# [Dataset extract]
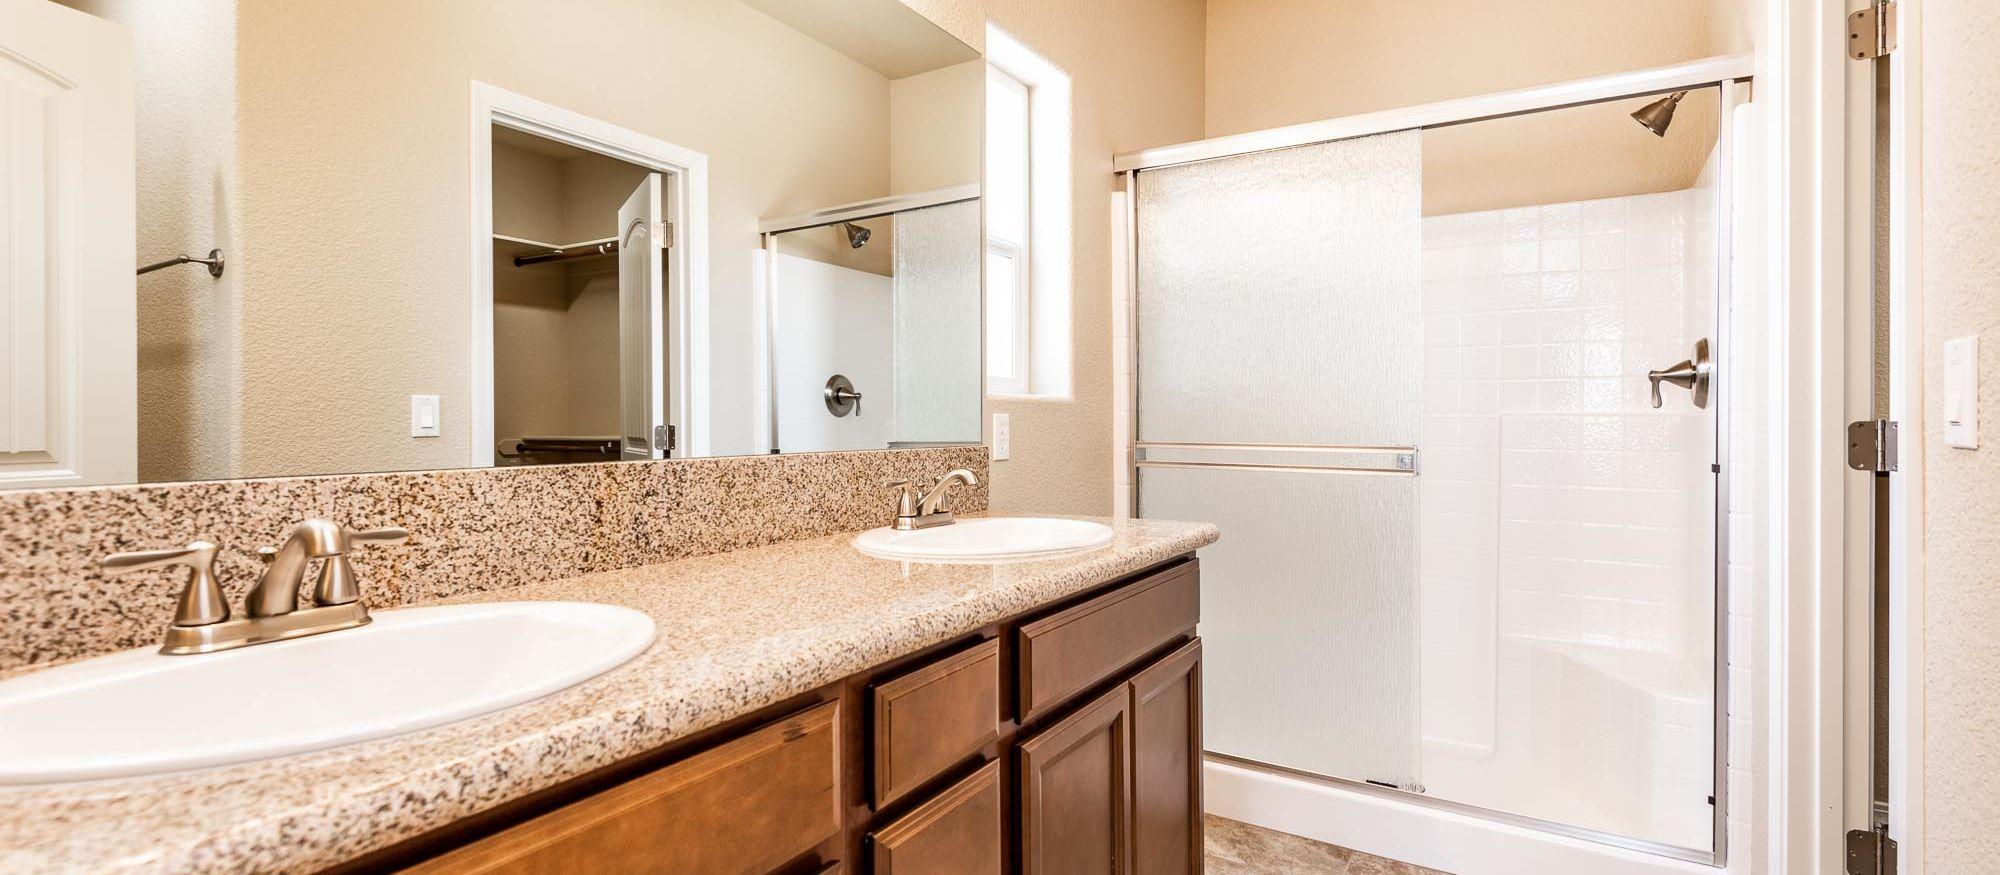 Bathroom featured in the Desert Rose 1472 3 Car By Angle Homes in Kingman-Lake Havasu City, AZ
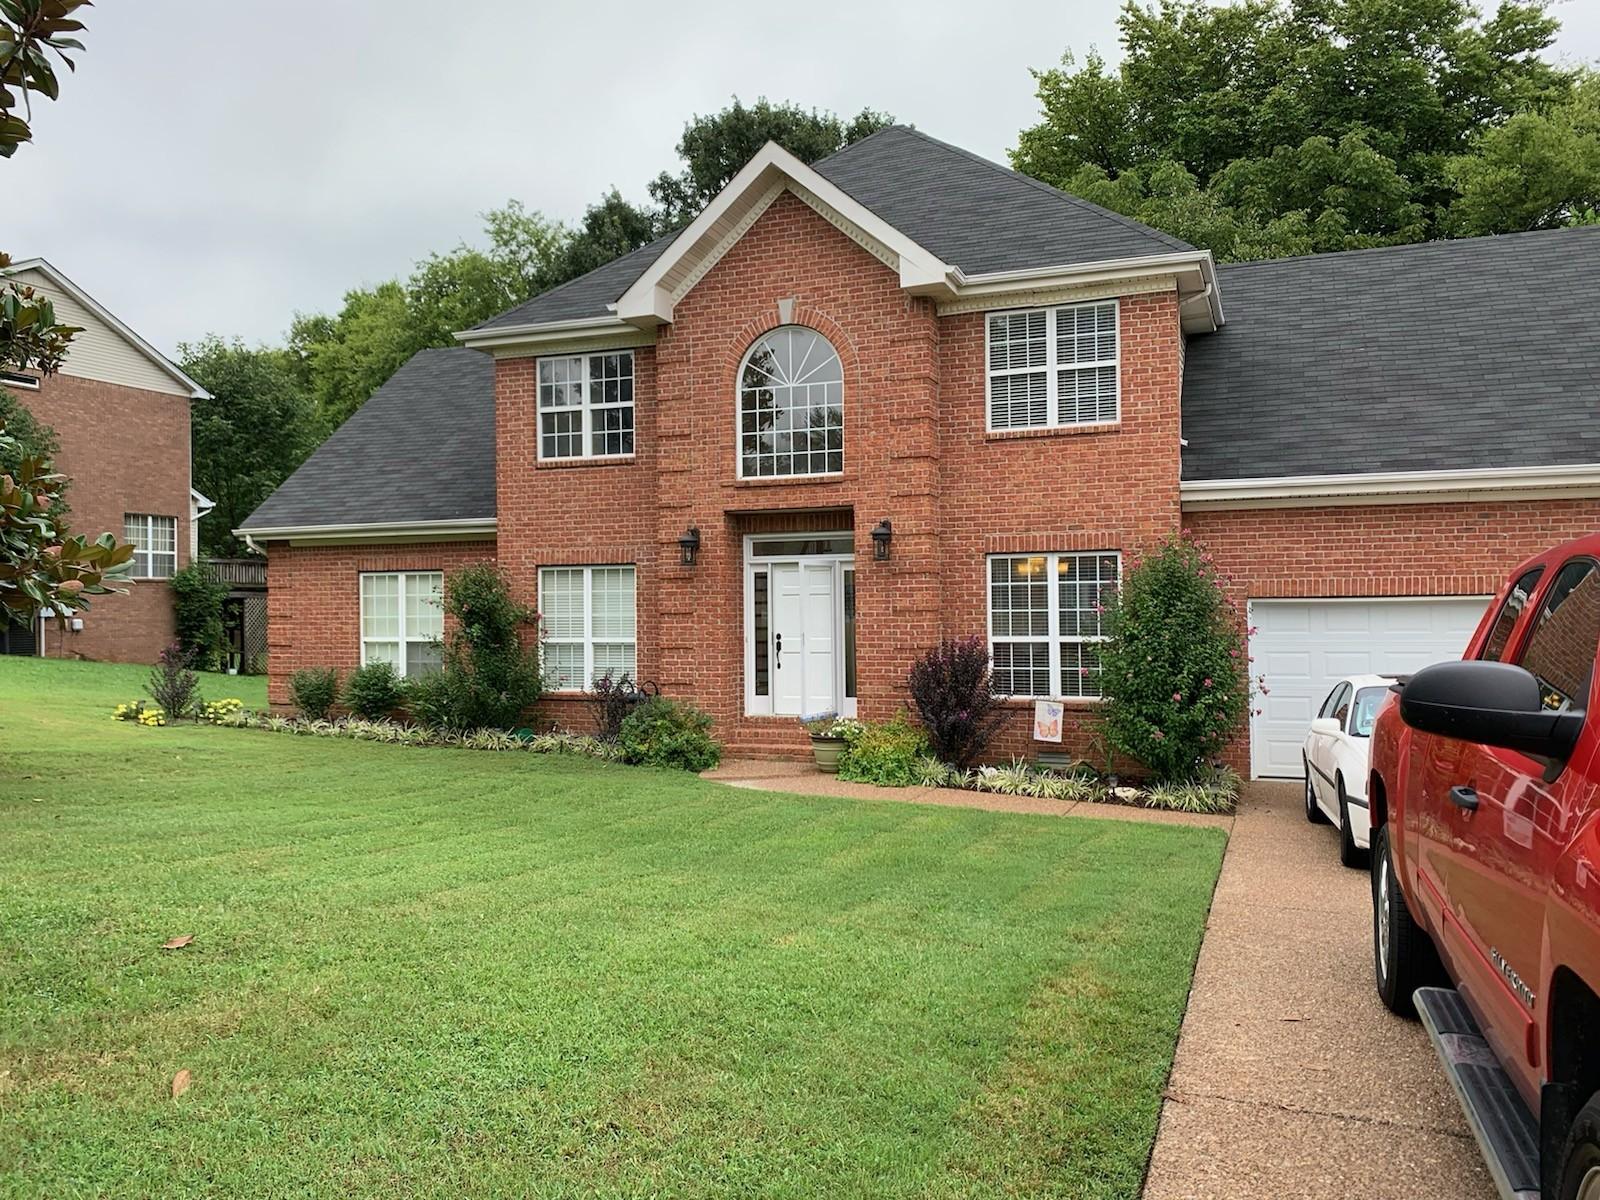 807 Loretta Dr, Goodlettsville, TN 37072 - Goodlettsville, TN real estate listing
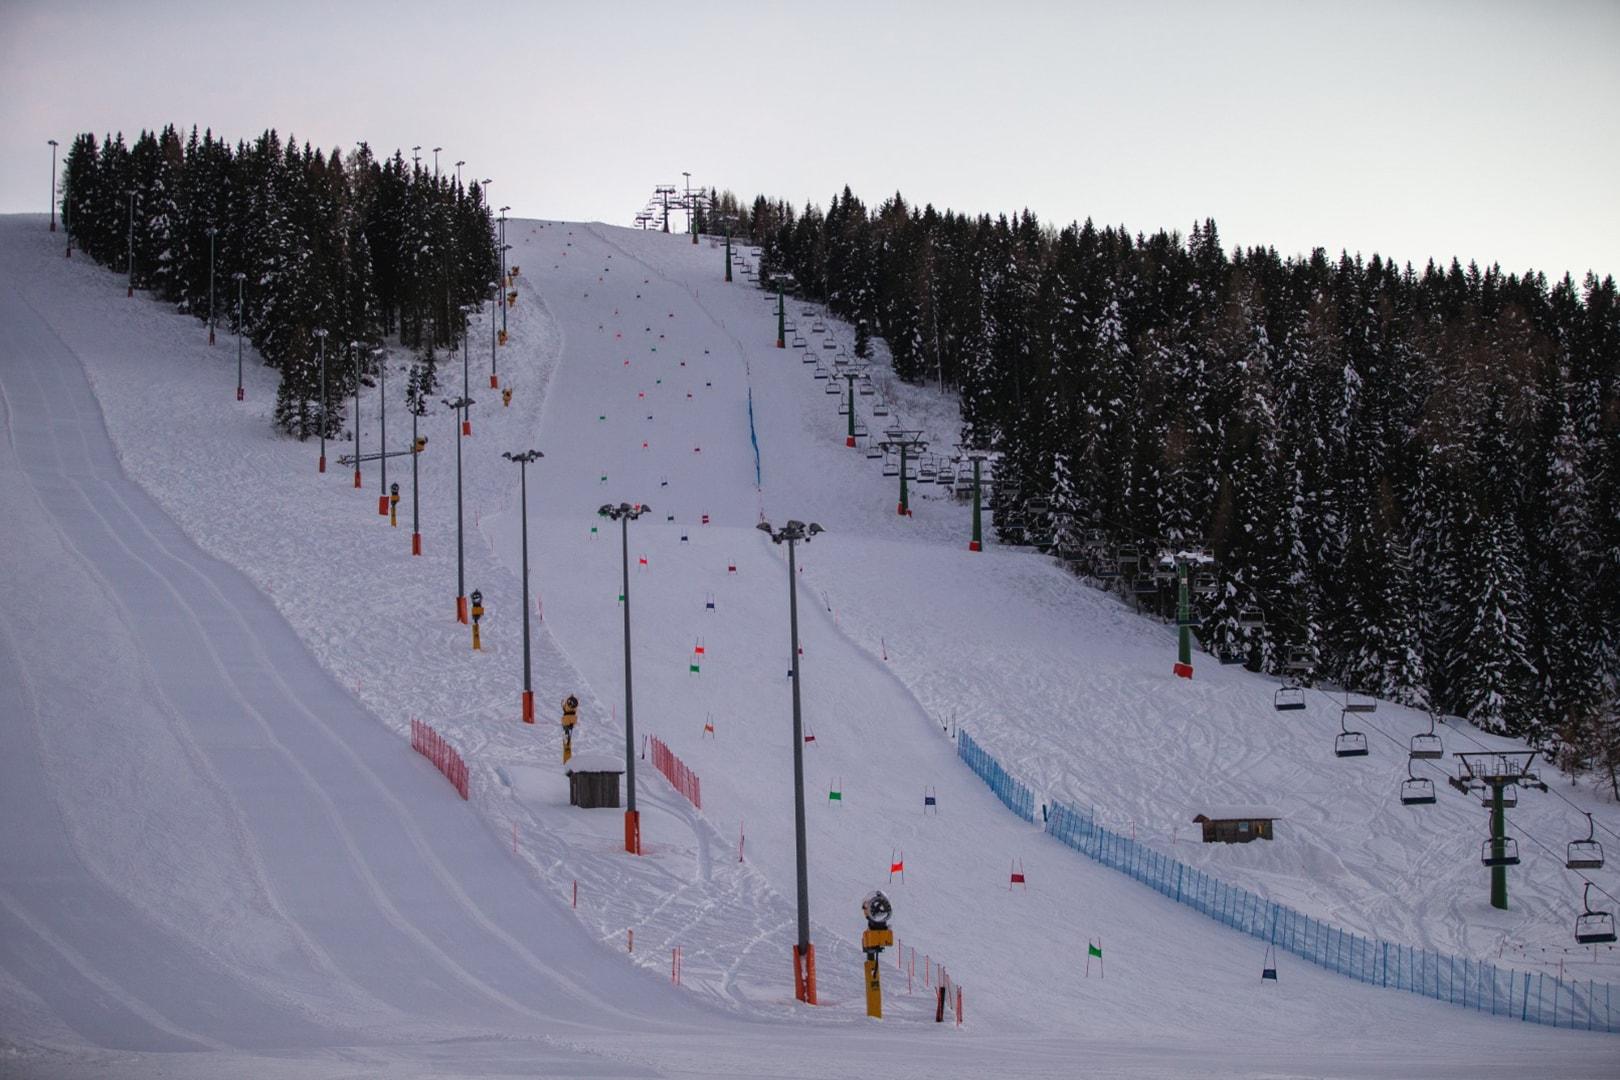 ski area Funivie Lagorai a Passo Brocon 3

# [Your goal]
Every line above should be copied exactly; do not carry over the pictures.

# [Solved problem]
 Bathroom featured in the Desert Rose 1472 3 Car By Angle Homes in Kingman-Lake Havasu City, AZ
 807 Loretta Dr, Goodlettsville, TN 37072 - Goodlettsville, TN real estate listing
 ski area Funivie Lagorai a Passo Brocon 3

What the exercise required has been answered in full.